11. Novelist Ben Dolnick (At the Bottom of Everything) spent a week of watching people on the NYC subway, casting surreptitious glances and pretending to tie his shoes just so he could document what commuters were reading. He shares his results at The Awl, along with some fabricated "Assumptions" on the backstory to the subway books:
Wednesday, 4:15PM, Church Avenue-bound G train, Hoyt-Schermerhorn:
Facts: Thirty-something white man, talking to himself while holding a battered (and, for the moment, closed) Oxford World’s Classics edition of Middlemarch. A black backpack rests between his feet; he wears khaki shorts and a blue polo shirt, made of some athletic wicking material. He appears (hand-chopping motions, etc.) to be rehearsing a difficult conversation. When he resumes reading, his face assumes the grim expression of someone in the last seconds of a wall-sit.
Assumptions: He, Keith, is from Tulsa, Oklahoma, where his girlfriend broke up with him six months ago after finding porn in his browser history. (It was “not normal stuff, but like real sick stuff, totally degrading. Who even thinks about whether girls have pigtails or not?”) Soon afterward, she moved to New York to take a nannying job. One night, in grief and bewilderment, he Googled “how to understand women better” and he came upon Middlemarch, which he has been reading now for five months. He plans to to show up at the door of his girlfriend’s apartment, lay the battered thing down before her and tell her just how much he’s changed, then burst into tears. He has a week’s worth of clothes in his backpack, just in case this works.
12. Do you have a fondness for big hair, polyester, and 70's-era baseball? Then you would do well to read Bill Morris' recent contribution to The Millions:
You meet the strangest people on a book tour. One of the strangest – in the good sense – that I’ve met so far on my current tour was standing in a crowded Detroit bar sporting a 1970s Detroit Tigers jersey, a pair of bushy muttonchops and a cumulus cloud of curly hair that made him look like the drummer in a heavy metal band. I recognized the guy instantly. Our pictures were side-by-side in the front window of Nicola’s Books in Ann Arbor, where we had just given readings from our new books on successive nights.

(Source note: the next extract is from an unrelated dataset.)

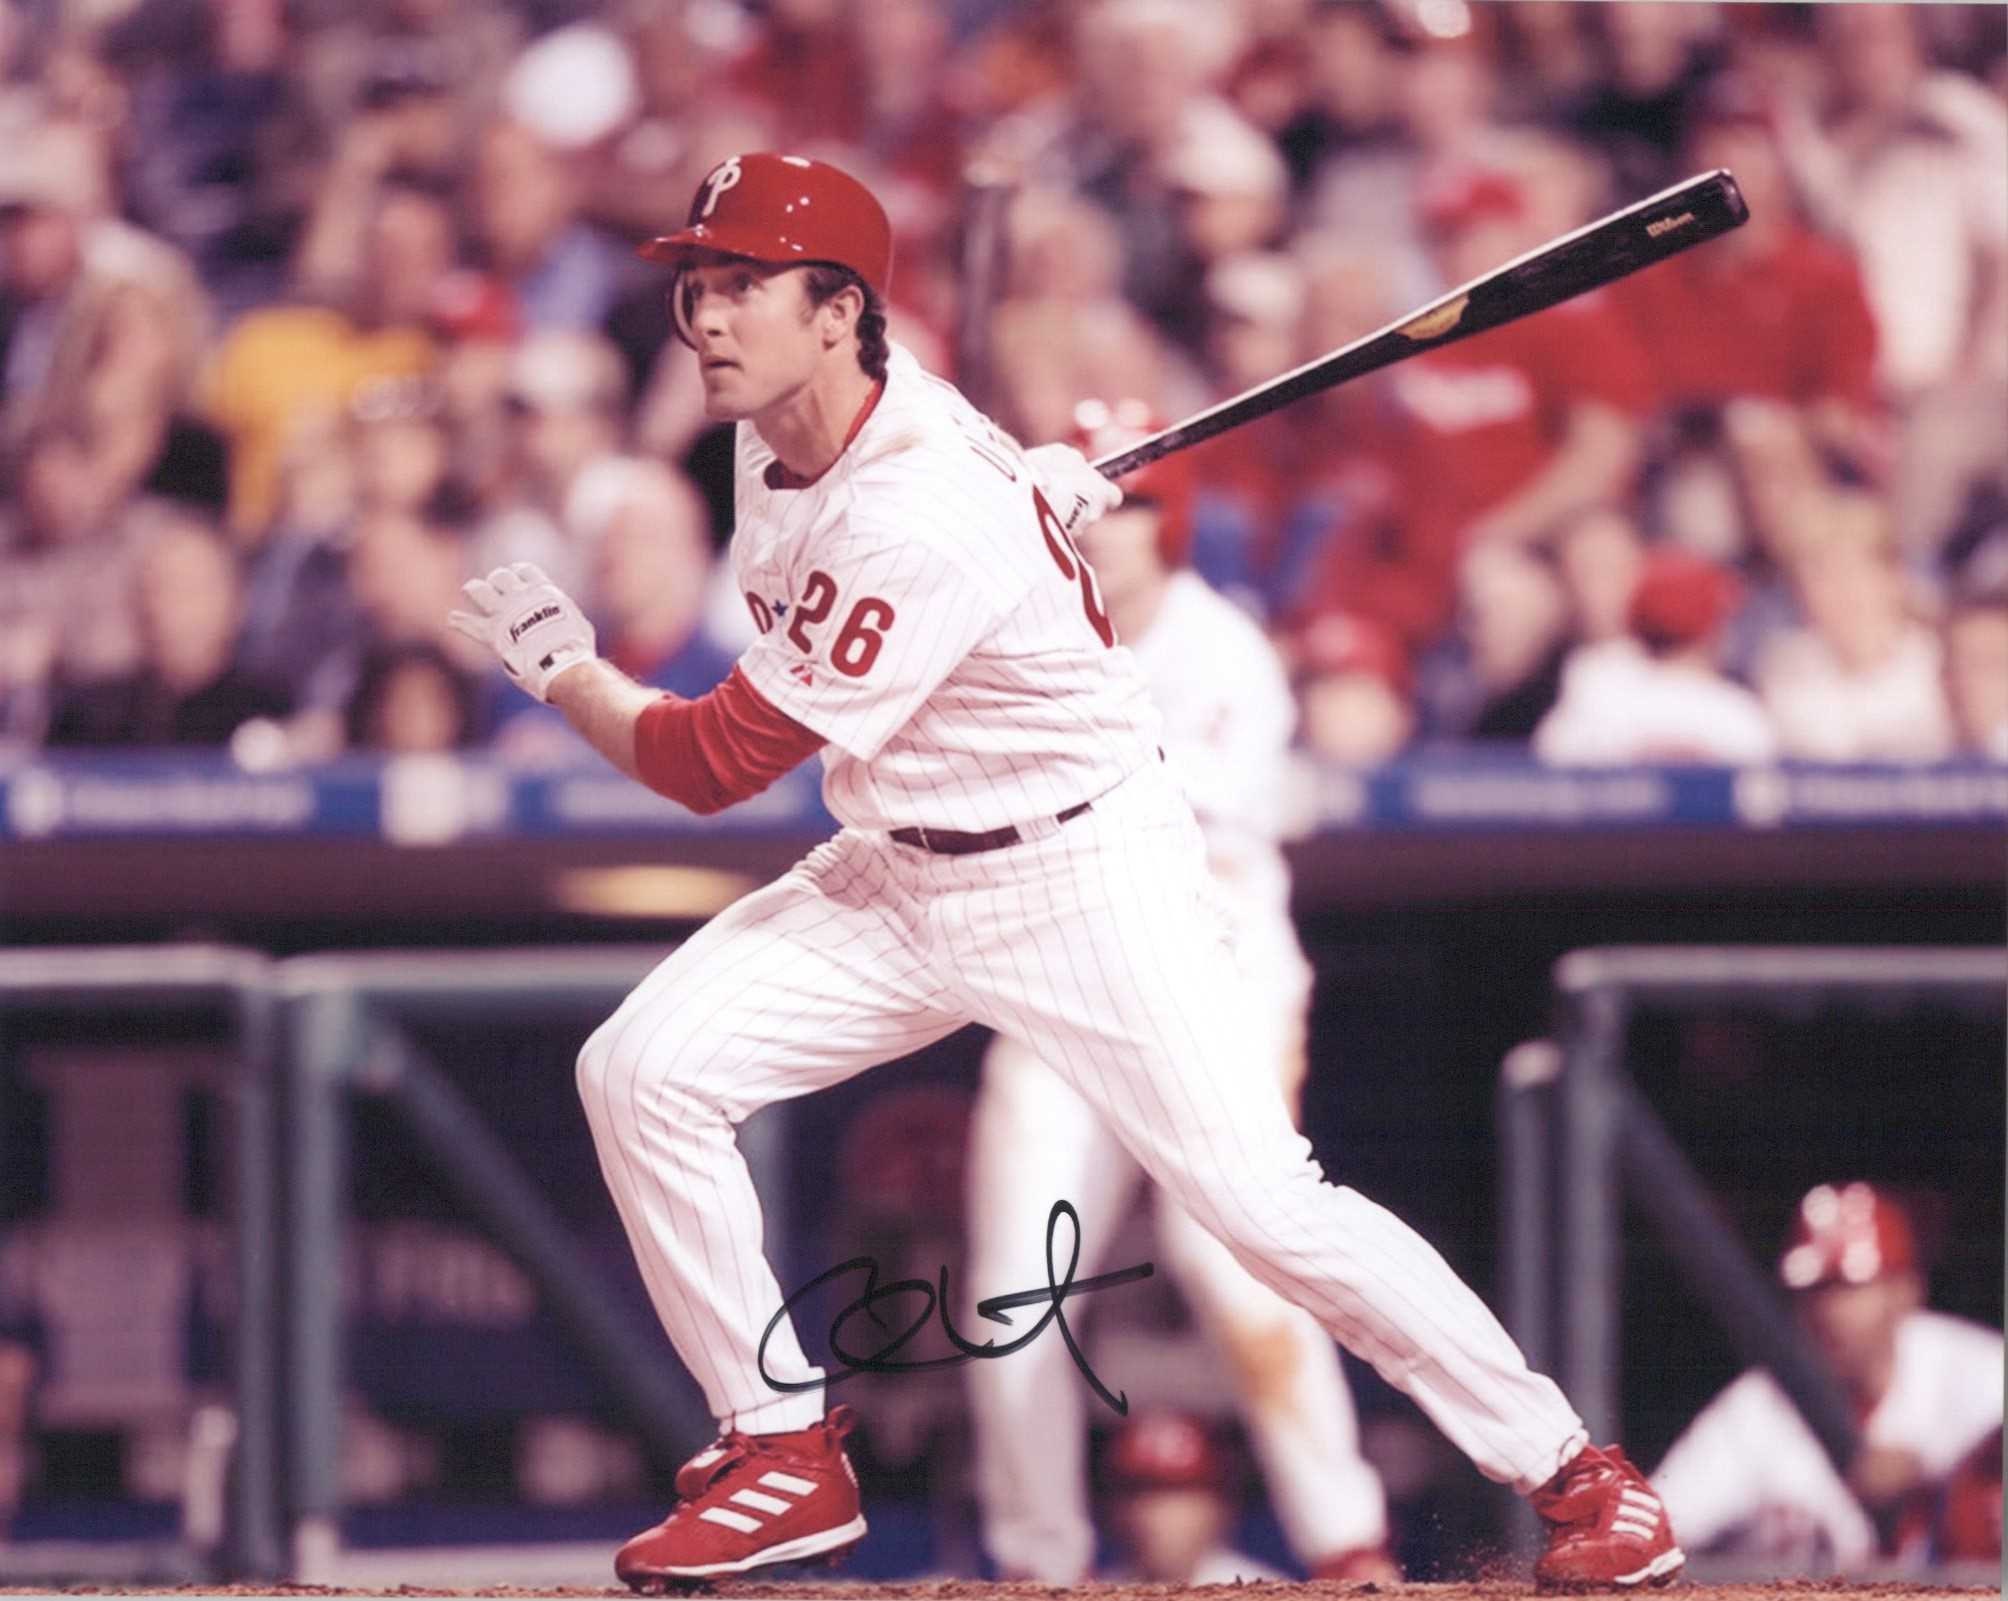 Chase Utley Signed Autographed Glossy 8x10 Photo 
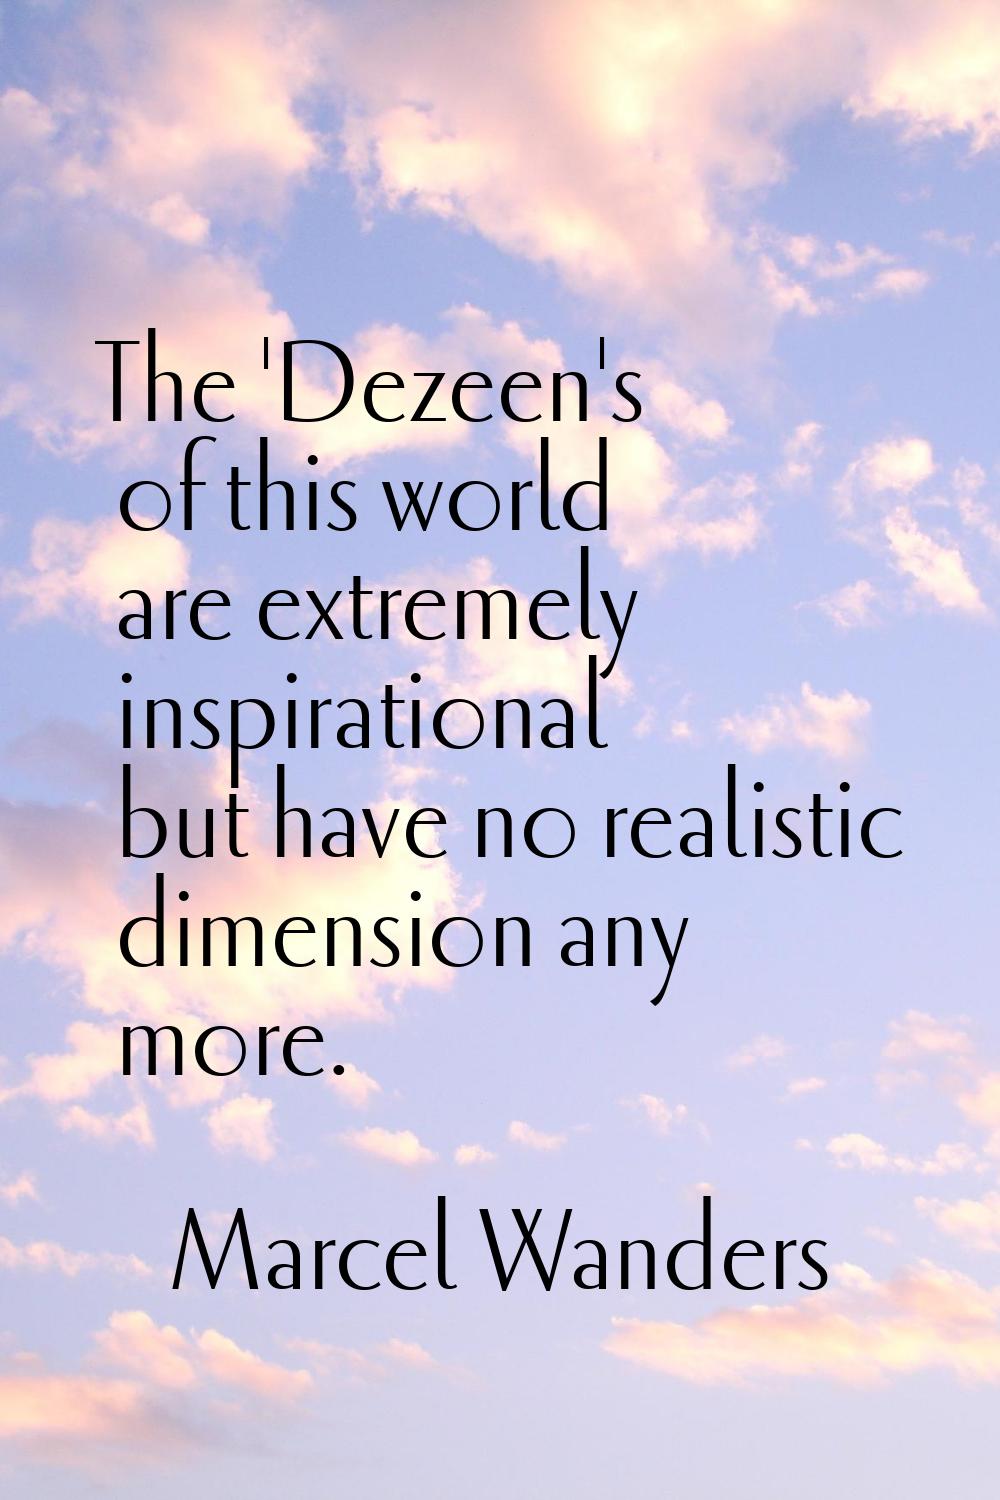 The 'Dezeen's of this world are extremely inspirational but have no realistic dimension any more.

“Excuse me,” I said. “Are you Dan Epstein?”
“That’s me,” he said, smiling as he shook my hand. “And you’re Bill!”
I admitted I was, and a writerly friendship was born.
13. I loved this essay by Bonnie ZoBell at Bloom on the importance of writers' Day Jobs. Here's how it begins:
Explaining to a writing student who’s just said she’s going to be on the bestseller list next year that it’s a little tougher than that isn’t one of my favorite jobs. Do I tell her that, no matter how well-known she becomes, she will inevitably have many more jobs in her life, and that this isn’t a bad thing? That the internet quotes anywhere from 300 to 2,500 people who actually make a living at writing in the U.S.? Probably one of the most important points I could make is that the jobs writers have along the way are actually a goldmine of writing material.You know you want to keep reading the rest.
Even babysitting has its perks. Let us not forget Robert Coover’s exquisitely creepy “The Babysitter,” one of his most memorable stories. I was quite the voyeur as a babysitter. Even then, I wanted to know what made people tick. I looked through closets, under beds, trying to discover folks’ secrets, who they really were. Were other families more normal than mine? I was absolutely stunned the summer I lived with my middle school math teacher and took care of her children. My parents were splitting up, and my mom had already sold our house, but our new one wasn’t ready yet, so she planned to camp with us kids all summer. I wasn’t handling it well. Imagine my surprise when, looking through my teacher’s dresser, I found some sheer pink panties with a hole in them right there and colorful embroidered letters alongside: “19th Hole!” My math teacher had sex? She enjoyed it?